Enigmata

Overview

Environment ID: enigmata
Short description: Synthetic, verifiable puzzle tasks with rule-based scoring across 36 tasks in 7 categories
Tags: enigmata, single-turn, reasoning, puzzles, verifiable, generator-verifier

This environment adapts the Enigmata suite as a self-contained evaluation and data-generation environment. Problems are programmatically generated and scored with task-specific, rule-based verifiers. It is designed for training and evaluating reasoning models without external LLM judges.

Adapted by Fido Wang - Github, X

Notes:

Python ≥ 3.11; dependencies are declared in pyproject.toml.
If the embedded Enigmata submodule is missing, the environment will automatically clone BytedTsinghua-SIA/Enigmata on first use.

Datasets

Primary dataset(s): Enigmata-Data (synthetic) and Enigmata-Eval (benchmark)
Source link:
- Enigmata-Eval: HuggingFace Dataset
Split sizes (Eval): 4,758 puzzle instances across Easy/Medium/Hard

Task

Type: single-turn
Parser: Identity parser (returns the raw completion)
Rubric overview: Single numeric score from a task-specific verifier (verify) with unit weight

Quickstart

Run an evaluation with defaults (no API keys required):

uv run vf-eval enigmata

Evaluate with a fixed number of examples and specific tasks:

uv run vf-eval enigmata \
  -a '{"num_train_examples": 200, "num_eval_examples": 200, "tasks": ["sudoku", "maze"]}'

Use the predefined benchmark split (downloads Enigmata-Eval from HuggingFace) and evaluate only sudoku:

uv run vf-eval enigmata \
  -a '{"use_predefined_eval_dataset": true, "tasks": "sudoku"}'

Notes:

Use -a / --env-args to pass environment configuration as JSON.
When use_predefined_eval_dataset is false, both train and eval sets are generated on the fly.
You can also generate and evaluate offline using the scripts in Enigmata/ (see that README for details).
Reproducibility: pass seed in env args, or set env var ENIGMATA_SEED to seed RNGs without editing code under Enigmata/. Eval generation uses seed + 1 automatically when seed is provided.
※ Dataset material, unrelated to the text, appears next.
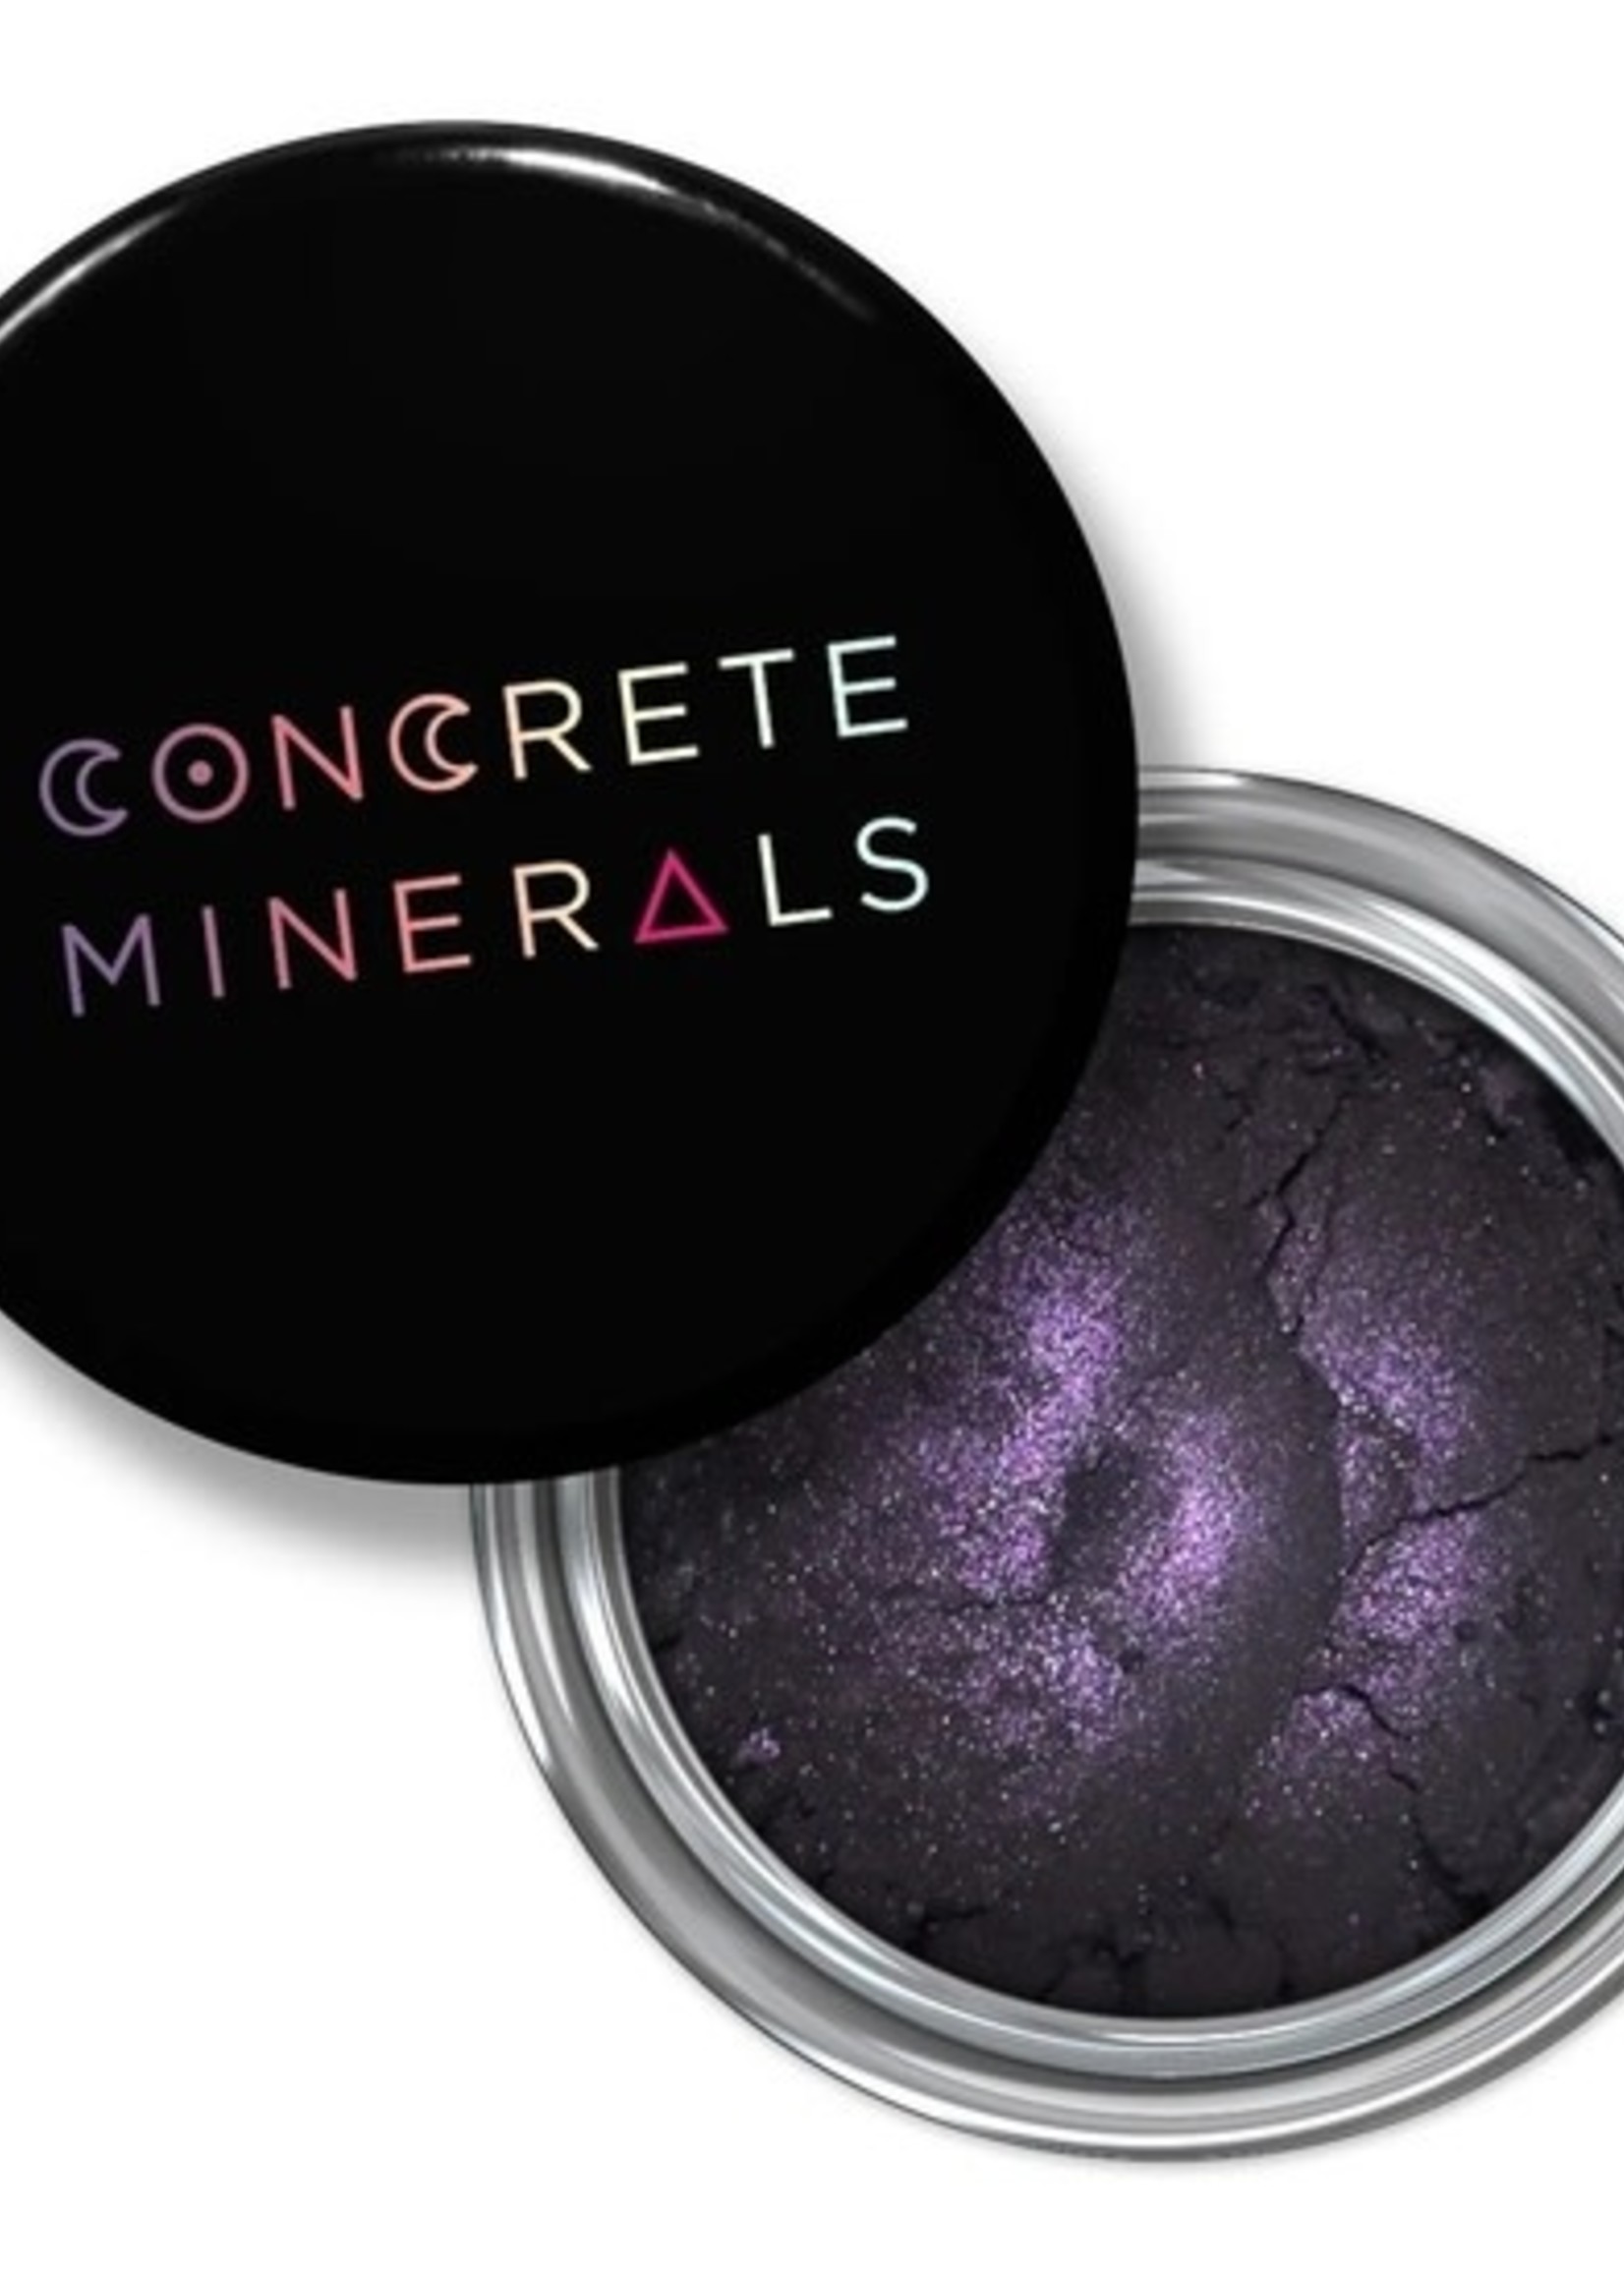 'Seance' Concrete Minerals Eyeshadow

Seeding and Reproducibility

Minimal seeding is applied to stabilize generation without touching code under Enigmata/:

Python random
NumPy (if available)
PYTHONHASHSEED

Examples

Deterministic generation with a fixed seed:

uv run vf-eval enigmata \
  -a '{"num_train_examples": 100, "num_eval_examples": 100, "seed": 42}'

Use environment variable instead of args:

ENIGMATA_SEED=123 uv run vf-eval enigmata \
  -a '{"num_train_examples": 100, "num_eval_examples": 100}'

Different seeds for train vs eval:

uv run vf-eval enigmata \
  -a '{"num_train_examples": 100, "num_eval_examples": 100, "seed": 7}'

Environment Arguments

Arg	Type	Default	Description
`num_train_examples`	int	`-1`	Number of generated training examples per run (-1 means generator-chosen)
`num_eval_examples`	int	`-1`	Number of generated evaluation examples per run (-1 means generator-chosen)
`use_predefined_eval_dataset`	bool	`false`	If `true`, loads `BytedTsinghua-SIA/Enigmata-Eval` from HF for eval
`tasks`	str or list	`"all"`	Filter to a task or list of tasks (e.g., `"sudoku"`, `["sudoku","maze"]`)
`difficulties`	Optional[list]	`None`	List of difficulties to include in the environment.
`system_prompt`	str	`""`	Optional system prompt propagated to the environment
`seed`	Optional[int]	`None`	Global seed for reproducible generation (Python, NumPy). Eval uses `seed+1`

Metrics

Metric	Meaning
`reward`	score of evaluated troubles (typically 0 or 1; aggregated as mean)

Example Structure

Normalized examples produced by this environment follow this schema:

question: str
answer: str
info: 
  - task_name: str
  - difficulty: str
  - split: str
  - language: str
  - meta_json: Optional[str]  # JSON-encoded metadata

Verifier Integration

Per-example scoring dynamically imports verifiable_tasks.tasks.<task_name>.verifier and calls verify(solution: str, answer: str, meta: dict) -> float|int. If a verifier cannot be resolved, the reward defaults to 0.0 to fail closed.